# Suggestions for a smaller tank



## mmseng (Oct 13, 2008)

Hey, I've got a 19g long tank that I've had set up for a while. I've just had a few danios in there for a while, but I'm trying to decide what I want to dedicate the tank to. It's a sand substrate, and it's my first and only tank to have sand.

I love loaches, however I've got a 75g that basically stocked with loaches already. If I can find some interesting or unique loaches to keep I wouldn't mind that, although finding non-standard loaches in my area is pretty hard.

I've been thinking about making it a Cory tank, but my experience thus far with cories has been pretty poor. They're quite cute and fun, but I'm sure I don't have to explain how difficult they can be to keep, especially with a number of other kinds of fish.
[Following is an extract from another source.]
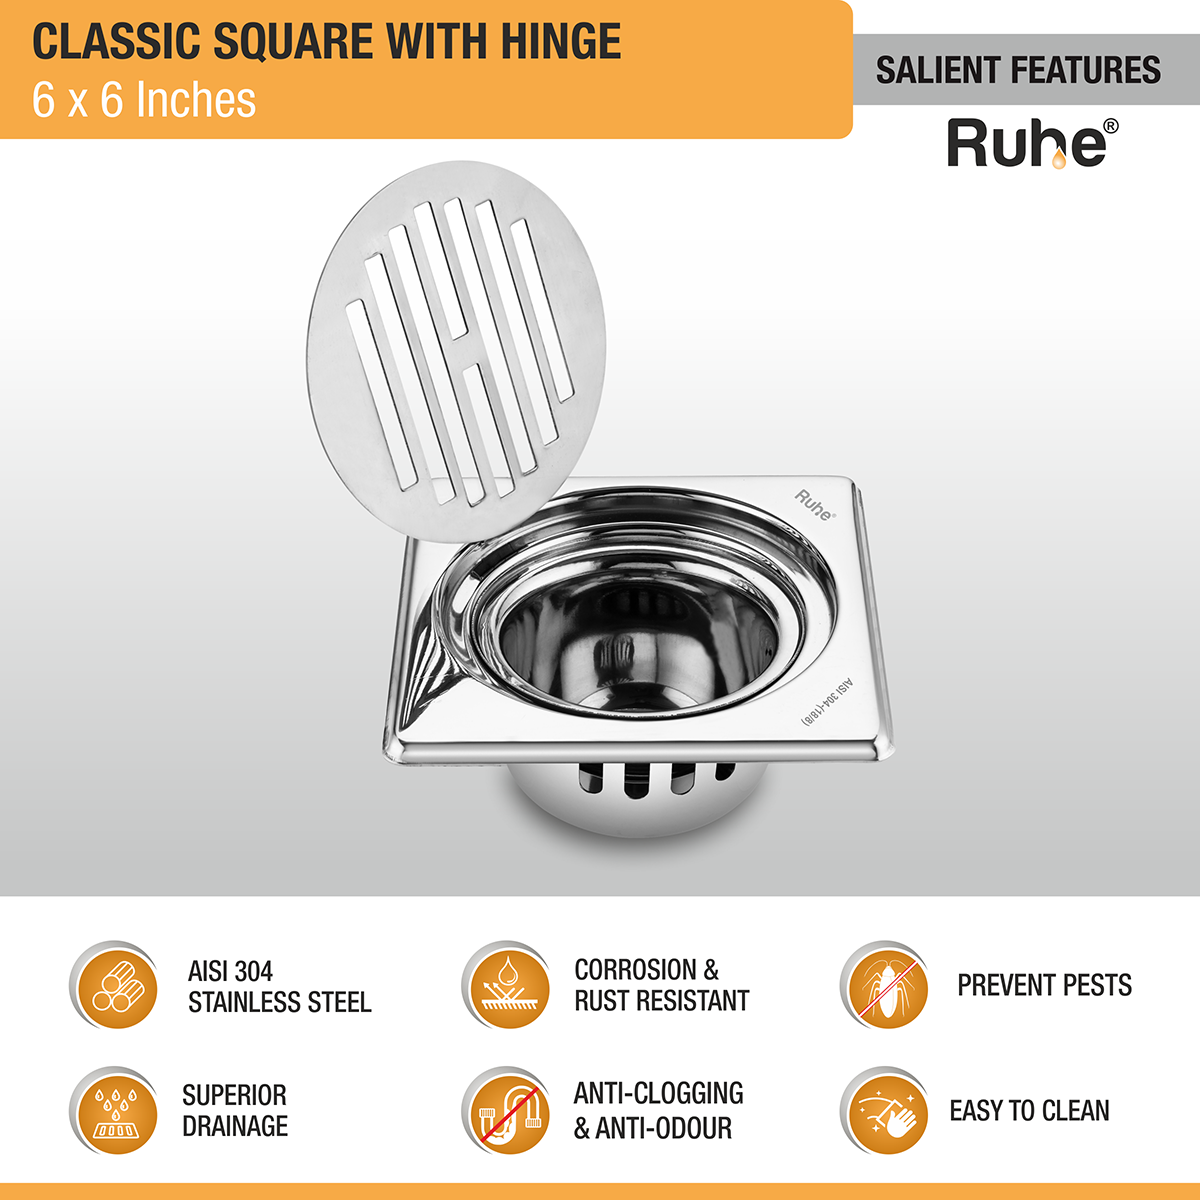 Classic Square Floor Drain (6 x 6 Inches) with Hinge & Cockroach Trap (304 Grade) features

However I imagine a cory species tank would be easier.

Anyway I've kind of got writers block so to speak with trying to decide what to use this tank for, so any suggestions are welcome. Thanks for any input,

== Matt


----------



## Guest (Oct 15, 2008)

You could have some Cories with some schooling fish like Rasboras, Tetras, small Rainbowfish. They just need to be kept with fish that won't be aggressive towards them....since they are passive.

I would stick to a smaller Cory species like Panda, any of the Dwarves (pymaeus, hastatus, habrosus), Skunk/Arcuatus Cories, nanus, or false juliis (trilineatus) to name a few. Some of the Aspidoras species would work too, if you can find them.

I would stick to 1 type and have like 8 of them with some type of top-middle dweller.


----------



## mmseng (Oct 13, 2008)

Wow, you're everywhere I go! Thanks for all the advice.


----------



## Guest (Oct 15, 2008)

I'm a stalker, what can I say.  


(just kidding)


I'm a plant and small fish person.


----------



## Logicaly (Sep 28, 2008)

I agree that corys would be good to keep in your tank. I am actually a big fan of the corys and have some in one of my tanks. Although I kind of mixed and matched my corys, but they all seem to get along great. Their very active and happy with each other as far as I can tell.


----------



## serakac (Oct 20, 2008)

Put the tank in the location you want it to remain permanently. Try to put it in a location away from window. too much sunlight can harm the fish and cause the algae to grow rapidly. Rinse the gravel and place it in the bottom of the tank about 2-inches deep. Arrange plants and decorations in the tank. Fill the tank with water. Attach the heater to the inside of the tank and turn it on. Follow the manufacturer's instructions that come with the heater. For most tropical fish, you should keep your water temperature between 72 and 77 degrees. Research the type of fish you choose. Different fish thrive in specific temperatures. 
------------------------
Sera

Guaranteed ROI


----------



## Buggy (Oct 17, 2006)

serakac said:


> Put the tank in the location you want it to remain permanently. Try to put it in a location away from window. too much sunlight can harm the fish and cause the algae to grow rapidly. Rinse the gravel and place it in the bottom of the tank about 2-inches deep. Arrange plants and decorations in the tank. Fill the tank with water. Attach the heater to the inside of the tank and turn it on. Follow the manufacturer's instructions that come with the heater. For most tropical fish, you should keep your water temperature between 72 and 77 degrees. Research the type of fish you choose. Different fish thrive in specific temperatures.
> ------------------------
> Sera
> 
> Guaranteed ROI


Sound advice for a complete "no clue" newb. Too bad it was posted in the wrong section.


----------



## CoryOto (Oct 17, 2008)

*Hard to keep??*



mmseng said:


> I've been thinking about making it a Cory tank, but my experience thus far with cories has been pretty poor. They're quite cute and fun, but I'm sure I don't have to explain how difficult they can be to keep, especially with a number of other kinds of fish.


Why do you think Corydoras are difficult to keep? That hasn't been my experience at all.


----------